Introduction to Heaps

Let’s go over the Heaps pattern, its real-world applications, and some problems we can solve with it.

About the pattern

Imagine you’re managing a busy airport. Flights are constantly landing and taking off, and you need to quickly find the next most important flight—an emergency landing or a VIP departure. At the same time, new flights must be integrated into the schedule. How do you track all this while finding the highest-priority flight quickly? Without an efficient data structure, you’d have to scan the entire schedule every time a decision is needed, which can be slow and error-prone as the number of flights grows. The time complexity of this inefficient system will be $O(n)$ for each decision, where $n$ is the number of flights because it requires scanning the entire schedule to find the highest-priority flight.
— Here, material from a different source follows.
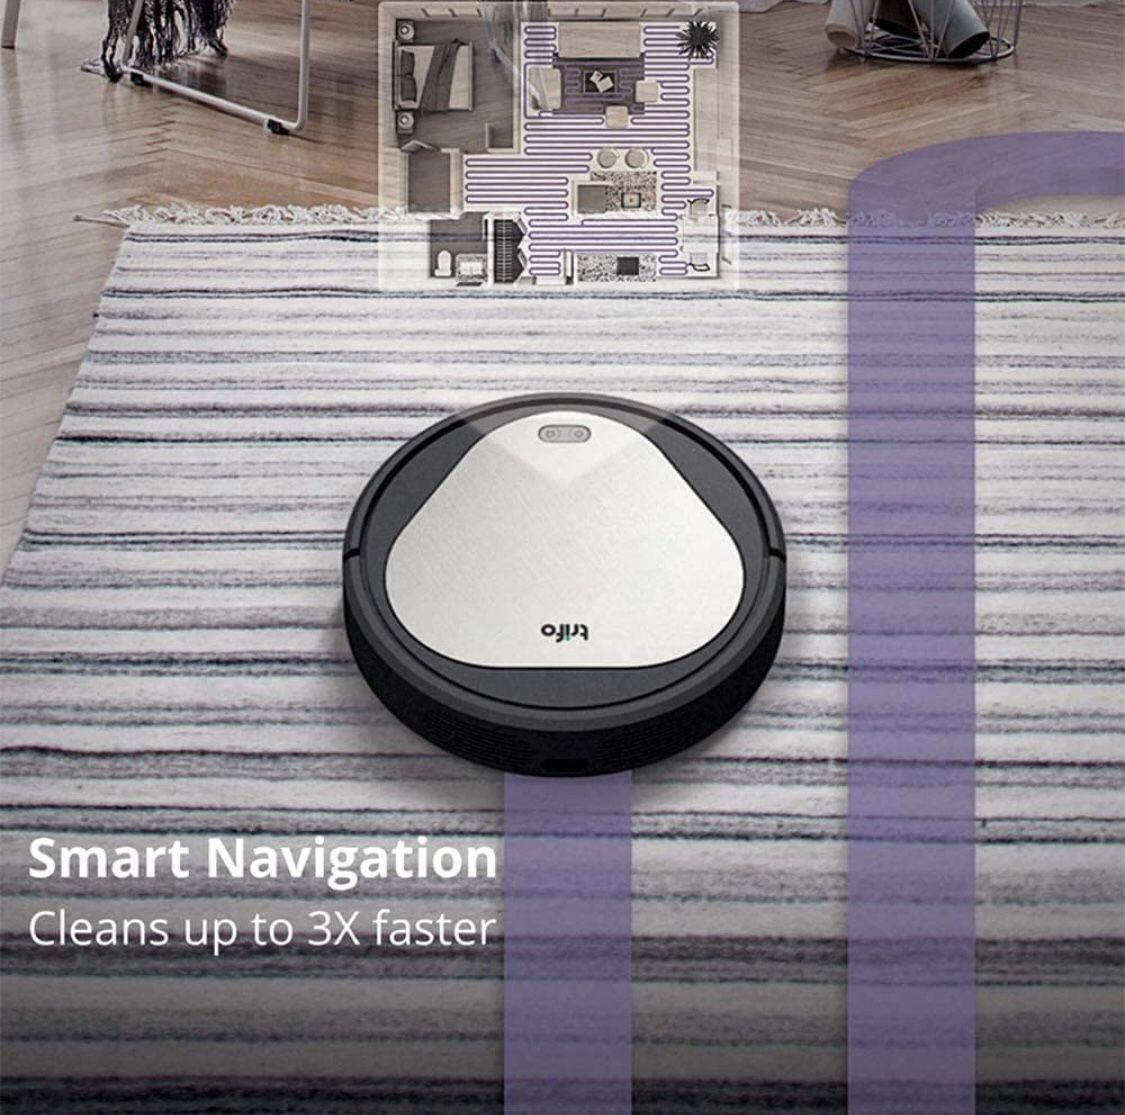 New Robot Vacuum
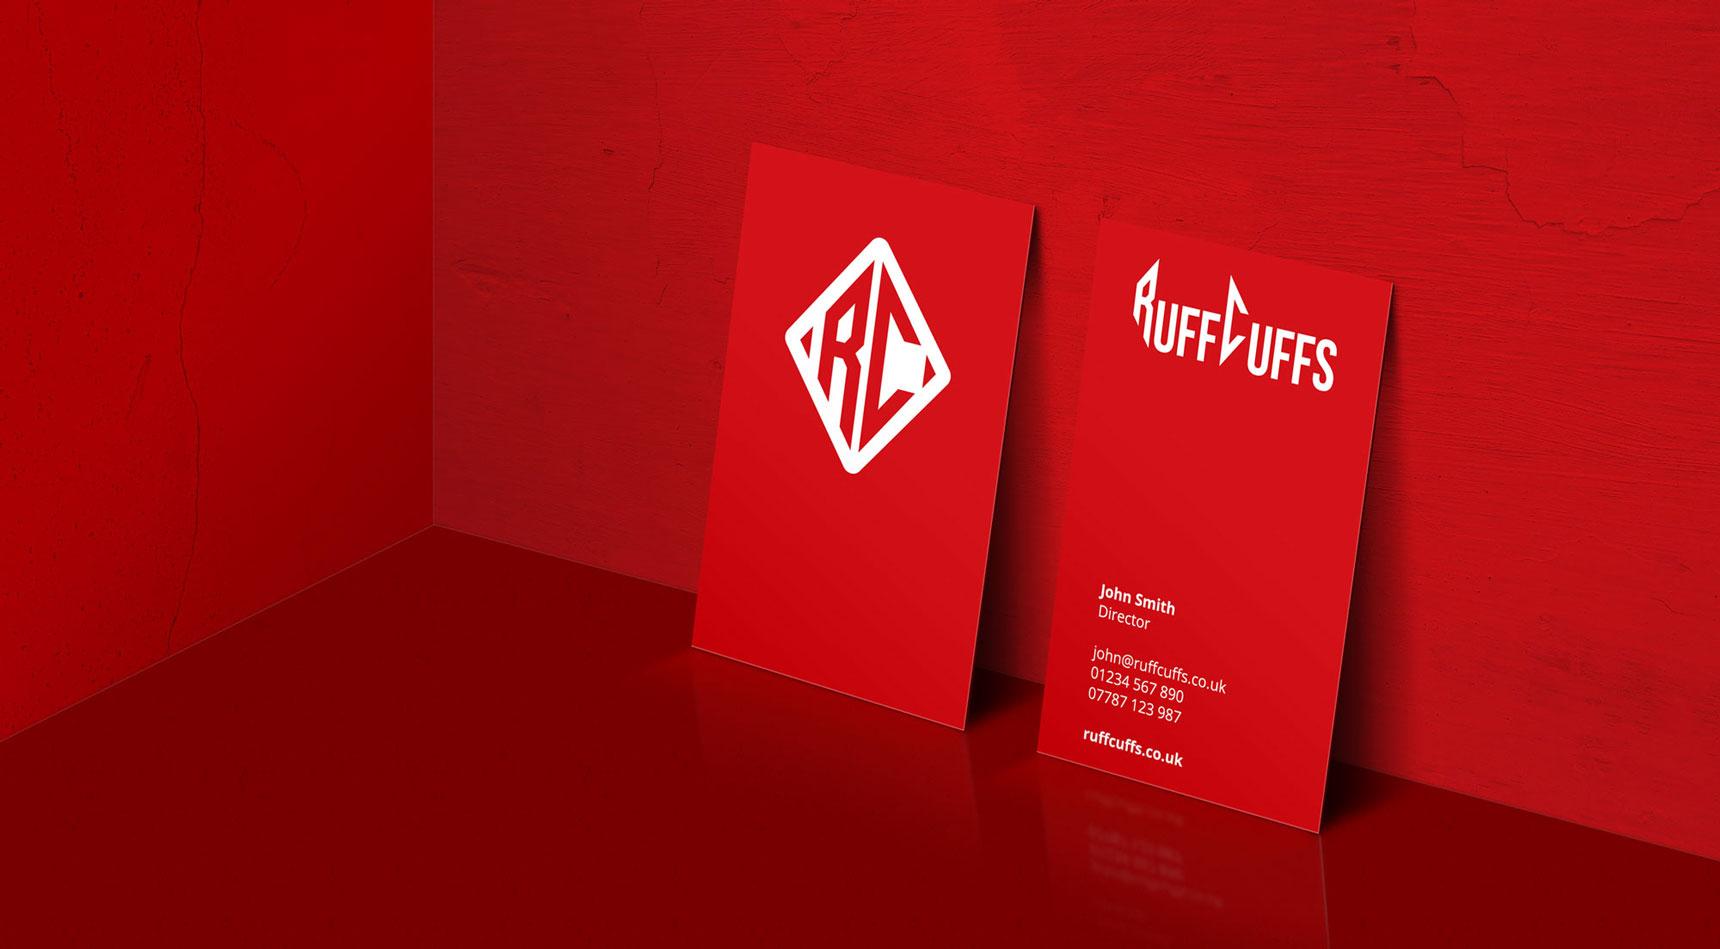 Ruff Cuffs Business Card Design and Branding by Nous Digital Gloucester

The solution is heaps. Heaps are a special data structure that helps you efficiently manage priorities. With a min heap, you can always find the flight with the earliest priority, and with a max heap, you can focus on flights that have been waiting for the longest—all while making updates quickly when new flights are added.

A heap is a specialized binary tree that satisfies the heap property:

Min heap: The value of each node is smaller than or equal to the values of its children. The root node holds the minimum value. A min heap always prioritizes the minimum value.
Max heap: The value of each node is greater than or equal to the values of its children. The root node holds the maximum value. A max heap always prioritizes the maximum value.
Priority queue: A priority queue is an abstract data type retrieves elements based on their custom priority. It is often implemented using a heap for efficiency.

A heap is a specific data structure with a fixed ordering (min or max), while a priority queue is an abstract data type that handles custom priority requirements for elements.

A heap is a specific data structure with a fixed ordering (min or max), while a priority queue is an abstract data type that handles custom priority requirements for elements.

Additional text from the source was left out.